Data Cleansing Tips: How to Rename Attributes to Lower Case

mschmitzmschmitz Moderator, Employee, RapidMiner Certified Analyst, RapidMiner Certified Expert, University Professor Posts: 1,872  RM Data Scientist
edited November 2018 in Knowledge Base
320px-Cyrillic_letter_A_-_uppercase_and_lowercase.svg.png

The Rename and Rename by Replacing Operators are powerful tools if you want to rename your attributes. At some point, however, not even these tools are enough. One example for this is to transform all attributes into lower case characters. You need this for some databases or hdfs. The solution for this is a very short groovy script which loops over all attributes and replaces them with the lower case version.

 

ExampleSet inputData = input[0];
for(Attribute a : inputData.getAttributes()){
a.setName(a.getName().toLowerCase())
}


return inputData;

 

If you are working on hdfs you might also want to replace white spaces with under scores. This can be done by adding a small .replace to the script.

 

ExampleSet inputData = input[0];
for(Attribute a : inputData.getAttributes()){
a.setName(a.getName().toLowerCase().replace(" ","_"))
}


return inputData;

Attached is also a process demonstrating this on the Titanic data set.

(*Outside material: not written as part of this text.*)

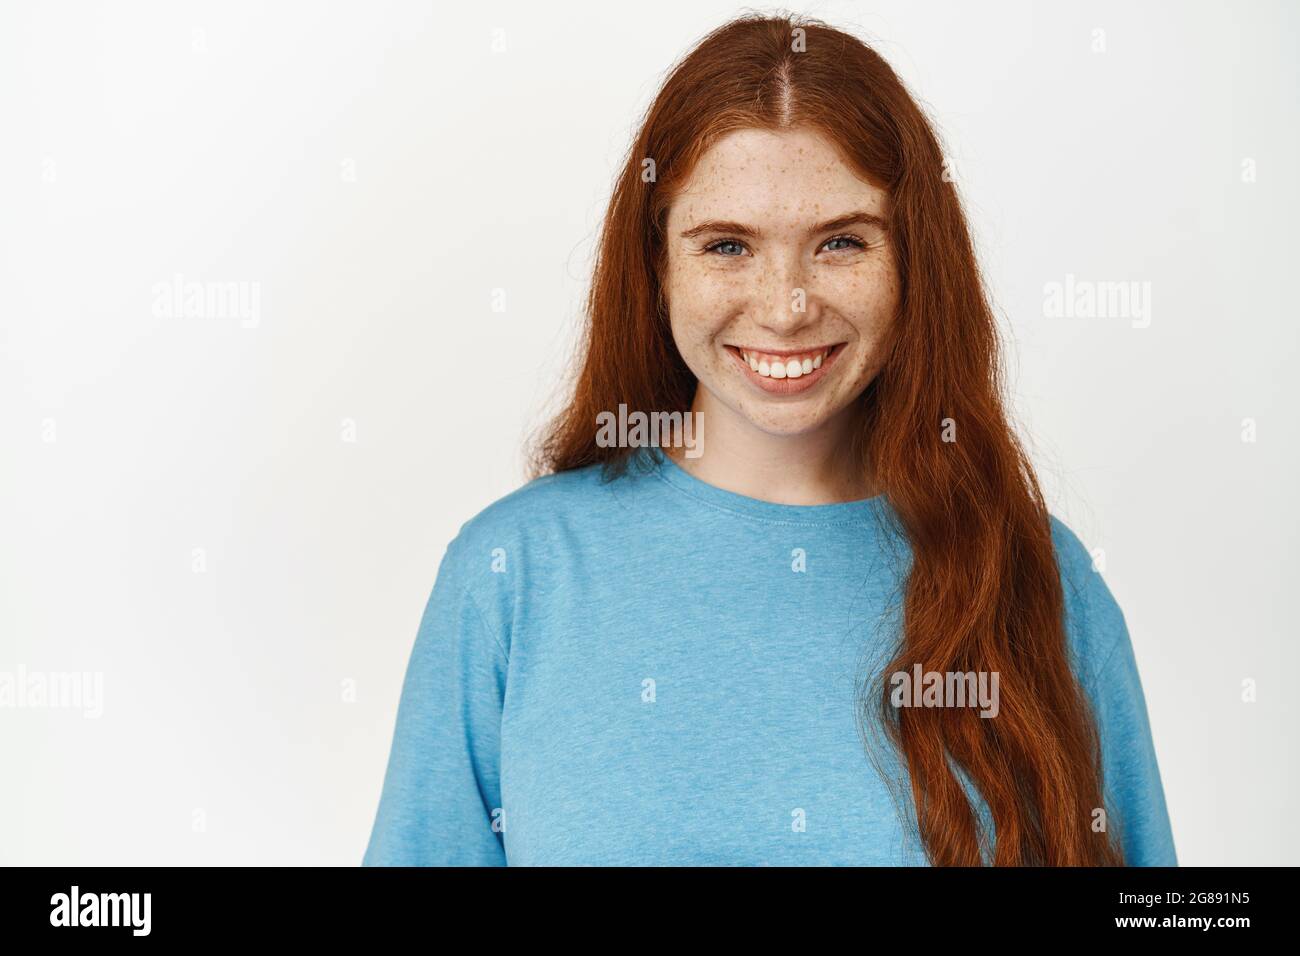 Women beauty. Close up shot of smiling natural girl with long red hair, candid white smile, pale skin and freckles, looking happy at camera, standing Stock Photo

- Head of Data Science Services at RapidMiner -
Dortmund, Germany
robin

Comments

  • Telcontar120Telcontar120 Moderator, RapidMiner Certified Analyst, RapidMiner Certified Expert, Member Posts: 916   Unicorn

    @mschmitz thanks for that clever workaround!  But it seems like this would be some nice built-in functionality to add to RapidMiner.  Always a pity to have to resort to groovy scripts for simple data ETL tasks like this one.  Maybe a feature request for the future?  Sounds like a  mashup between the "transform cases" and the "rename" operators :smileyhappy:

    Brian T.
    Lindon Ventures 
    Data Science Consulting from Certified RapidMiner Experts
  • mschmitzmschmitz Moderator, Employee, RapidMiner Certified Analyst, RapidMiner Certified Expert, University Professor Posts: 1,872  RM Data Scientist

    Hi @Telcontar120,

    most likely the real functionallity would be an expression editor similar to Generate Attributes but for Attribute Names. That's not a trivial operator like this script.

     

    @sgenzer, thoughts?

    - Head of Data Science Services at RapidMiner -
    Dortmund, Germany
  • sgenzersgenzer Administrator, Moderator, Employee, RapidMiner Certified Analyst, Community Manager, Member Posts: 1,968  Community Manager

    I agree with @Telcontar120 - seems like an Operator Toolbox operator to me :)


    Scott

     

  • JEdwardJEdward RapidMiner Certified Analyst, RapidMiner Certified Expert, Member Posts: 563   Unicorn

    I agree, but not just a toolbox operator.  I'd love to be able to do this with RegEx. 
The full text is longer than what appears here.